Models evaluation and error analysis

For examining the model applicability and precision, several traditional statistical measures and graphical error analyses are used to assess the accuracy, validity, and reliability of the produced models, and predict the performance of the created machine learning algorithms12,51. Furthermore, relative error distribution graphs and Cross-plots were also employed.

Statistical error analysis

It is a vital tool to assess the model’s performance relative to the experimental values52. In the current work, the developed paradigms’ reliability was screened by some statistical principles involving (ARE%)1, (AARE%), (RMSE), (SD), and (R2)12. The following formulas are used to compute these statistical parameters3,4,37.

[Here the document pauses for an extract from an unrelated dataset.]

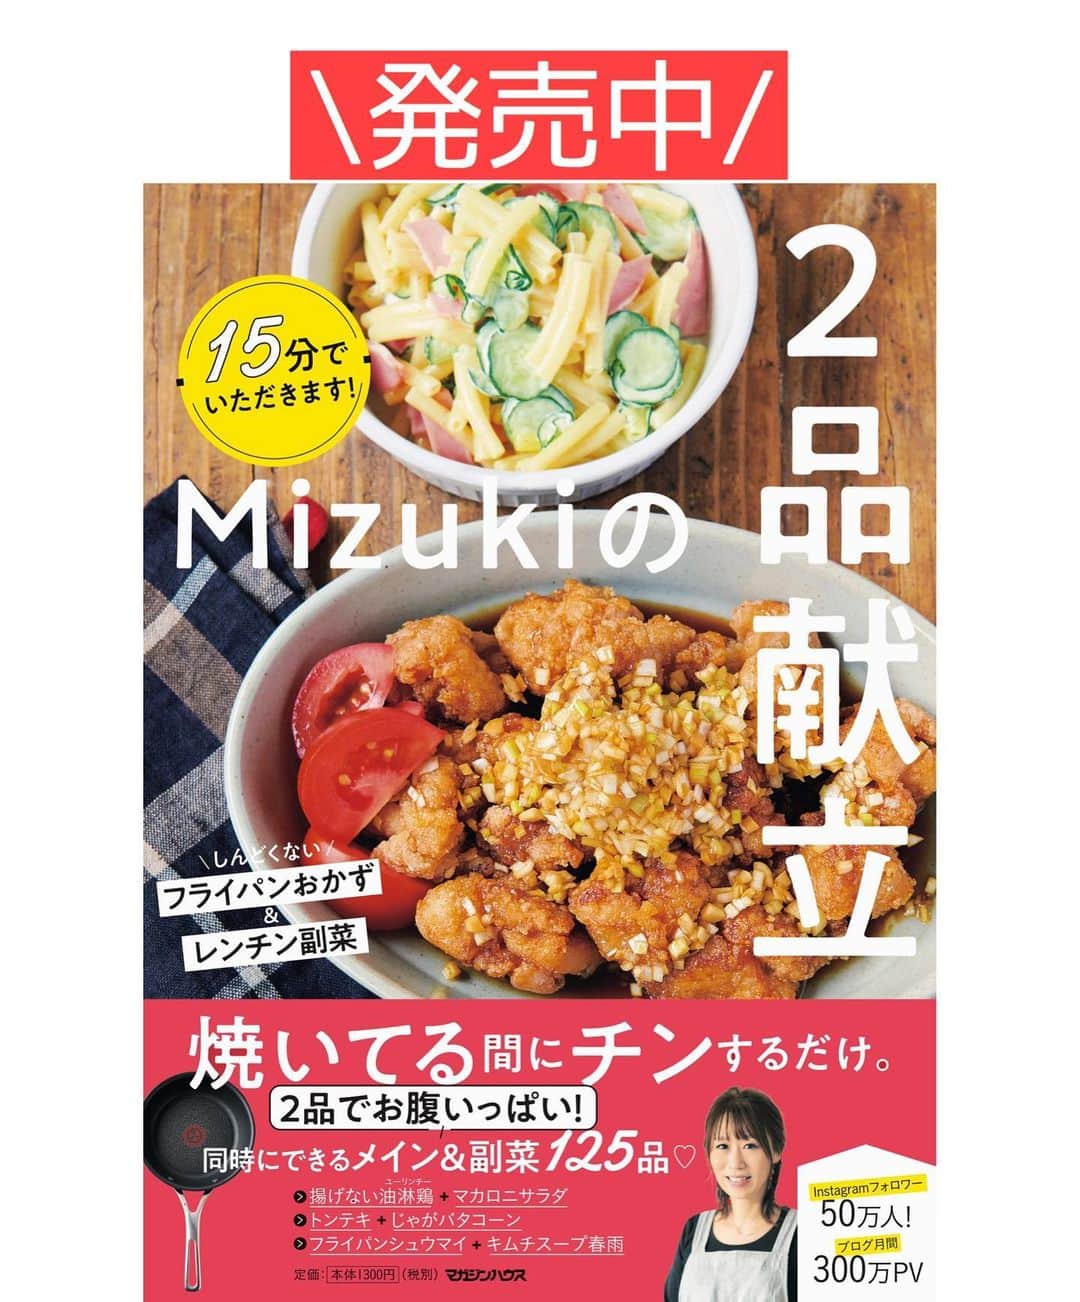 Mizuki【料理ブロガー・簡単レシピ】さんのインスタグラム写真 - (Mizuki【料理ブロガー・簡単レシピ】Instagram)「・﻿ 【#レシピ 】ーーーーーーーーー﻿ ♡フライパンローストビーフ♡﻿ ーーーーーーーーーーーーーーー﻿ ﻿ ﻿ ﻿ おはようございます(*^^*)﻿ ﻿ 今日ご紹介させていただくのは﻿ \フライパンで作るローストビーフ/﻿ ﻿ 特別な道具や調味料を使わなくても﻿ 簡単に美味しく作れますよ♡﻿ 今回はソースもお手軽に﻿ 和風ベースに仕上げました(*´艸`)﻿ ﻿ ローストビーフは見た目も華やかで﻿ クリスマスディナーや﻿ 年末年始のメニューにもおすすめです♩﻿ ﻿ ﻿ ﻿ ＿＿＿＿＿＿＿＿＿＿＿＿＿＿＿＿＿＿＿＿﻿ 【作りやすい量】﻿ 牛ももかたまり肉...400g﻿ ●塩...小2/3﻿ ●粗挽き黒こしょう...適量﻿ ●にんにくすりおろし...1かけ分﻿ オリーブオイル...小2﻿ ☆醤油・酒・みりん...各大3﻿ ☆粒マスタード...大1﻿ ﻿ 1.牛肉は1時間程前に冷蔵庫から出して室温に戻し、表面に●を擦り込む。﻿ 2.フライパンにオリーブオイルを中火で熱して1を入れ、1面につき2〜3分ずつ焼いて全体に焼き色を付ける。(全6面)﻿ 3.火を止め、熱い内にアルミホイルで二重に包み、フライパンに戻して蓋をして20分置く。(余熱で火を通します)﻿ 4.☆をフライパンに入れて中火にかけ、混ぜながら少し煮詰めてソースを作る。3を薄切りにして器に盛り、ソースをかける。﻿ ￣￣￣￣￣￣￣￣￣￣￣￣￣￣￣￣￣￣￣￣﻿ ﻿ ﻿ ﻿ 《ポイント》﻿ ♦︎牛肉は新鮮なものを使用して下さい☆必ず室温に戻し、焼く直前に●を擦り込みます☆﻿ ♦︎牛肉は表面(全6面)にしっかり焼き色が付くように焼いて下さい♩﻿ ♦︎工程3では火を止めたフライパンに牛肉を戻し入れ、余熱で火を通します♩﻿ ♦︎私が使用した牛肉は厚み4〜5cmのものです♩ ♦︎切ったばかりは淡く落ち着いた赤色ですが、空気に触れると鮮やかな色になってきます♩﻿ ﻿ ﻿ ﻿ ﻿ ﻿ ﻿ ﻿ ﻿ 📕新刊予約開始しました📕﻿ 【ラクしておいしい！#1品晩ごはん 】﻿ ￣￣￣￣￣￣￣￣￣￣￣￣￣￣￣￣￣﻿ 私たちだってヘトヘトな日がある•••﻿ 毎日何品も作っていられない•••﻿ もうごはんに悩みたくない😢﻿ そう思うことってありませんか？﻿ そんな時、1品ごはんはいかがでしょう？﻿ というご提案です✨﻿ ﻿ ﻿ 【1品ごはん】は﻿ 副菜いらずで全てがシンプル！﻿ ￣￣￣￣￣￣￣￣￣￣￣￣￣￣￣￣￣￣﻿ 一品つくるだけでいいから﻿ 献立を考えなくてよし！﻿ ￣￣￣￣￣￣￣￣￣￣￣￣￣￣￣￣￣￣﻿ 悩まない、疲れない、﻿ 気力や時間がなくてもなんとかなる！﻿ ￣￣￣￣￣￣￣￣￣￣￣￣￣￣￣￣￣￣﻿ そんな頼りになる﻿ 便利なお助けごはんです☺️💕﻿ (ハイライトに🔗貼っています✨)﻿ ￣￣￣￣￣￣￣￣￣￣￣￣￣￣￣￣￣﻿ ﻿ ﻿ ﻿ ﻿ ﻿ ⭐️発売中⭐️﻿ ＿＿＿＿＿＿＿＿＿＿＿＿＿＿＿＿＿＿﻿ しんどくない献立、考えました♩﻿ \15分でいただきます/﻿ 📕#Mizukiの2品献立 📕﻿ ﻿ 和食をもっとカジュアルに♩﻿ \毎日のごはんがラクになる/﻿ 📘#Mizukiの今どき和食 📘﻿ ﻿ ホケミレシピの決定版♩﻿ \はじめてでも失敗しない/﻿ 📙#ホットケーキミックスのお菓子 📙﻿ ﻿ NHKまる得マガジンテキスト☆﻿ ホットケーキミックスで﻿ 📗絶品おやつ&意外なランチ📗﻿ ￣￣￣￣￣￣￣￣￣￣￣￣￣￣￣￣￣￣﻿ ﻿ ﻿ ﻿ ＿＿＿＿＿＿＿＿＿＿＿＿＿＿＿＿＿＿﻿ レシピを作って下さった際や﻿ レシピ本についてのご投稿には﻿ タグ付け( @mizuki_31cafe )して﻿ お知らせいただけると嬉しいです😊💕﻿ ￣￣￣￣￣￣￣￣￣￣￣￣￣￣￣￣￣￣﻿ ﻿ ﻿ ﻿ ﻿ #ローストビーフ#クリスマス#牛肉#Mizuki#簡単レシピ#時短レシピ#節約レシピ#料理#フーディーテーブル#マカロニメイト#おうちごはん#デリスタグラマー#料理好きな人と繋がりたい#食べ物#料理記録#おうちごはんlover#写真好きな人と繋がりたい#foodpic#cooking#recipe#lin_stagrammer#foodporn#yummy#f52grams#フライパンローストビーフm」12月15日 7時08分 - mizuki_31cafe

$$ARE\% = \frac{100}{N}\sum\limits_{i = 1}^{N} {\left( {\frac{{\mu_{i}^{\exp } - \mu_{i}^{cal} }}{{\mu_{i}^{\exp } }}} \right)}$$
(1)
$$AARE\% = \frac{100}{N}\sum\limits_{i = 1}^{N} {\left| {\frac{{\mu_{i}^{\exp } - \mu_{i}^{cal} }}{{\mu_{i}^{\exp } }}} \right|}$$
(2)
$$SD = \left[ {\frac{1}{N - 1}\sum\limits_{i = 1}^{N} {\left( {\frac{{\mu_{i}^{\exp } - \mu_{i}^{cal} }}{{\mu_{i}^{\exp } }}} \right)}^{2} } \right]^{1/2}$$
(3)
$$RMSE = \left[ {\frac{{\sum\limits_{i = 1}^{N} {\left( {\mu_{i}^{\exp } - \mu_{i}^{cal} } \right)^{2} } }}{N}} \right]^{1/2}$$
(4)
$$R^{2} = 1 - \frac{{\sum\limits_{i = 1}^{N} {(\mu_{i}^{\exp } - \mu_{i}^{cal} )^{2} } }}{{\sum\limits_{i = 1}^{N} {\left[ {\mu_{i}^{\exp } - avg(\mu_{i}^{cal} )} \right]^{2} } }}$$
(5)
$$MAD = \max \left( {\frac{{\mu_{i}^{\exp } - \mu_{i}^{cal} }}{{\mu_{i}^{\exp } }}} \right)$$
(6)

Graphical error evaluation

The model performance is visualized through graphical error analyses, where crossplots and error distribution are reported3. Three visualization techniques, including cross plots, cumulative frequency plots versus AARE%, and error distribution curves, were implemented to screen the model accuracy4.

Cross plot

The predicted/experimental data points are plotted versus each other to assess the model’s competence in the prediction of the experimental one3. The diagram capability is evaluated through the grade of data gathering around the equality line and the deviation from the 45° line.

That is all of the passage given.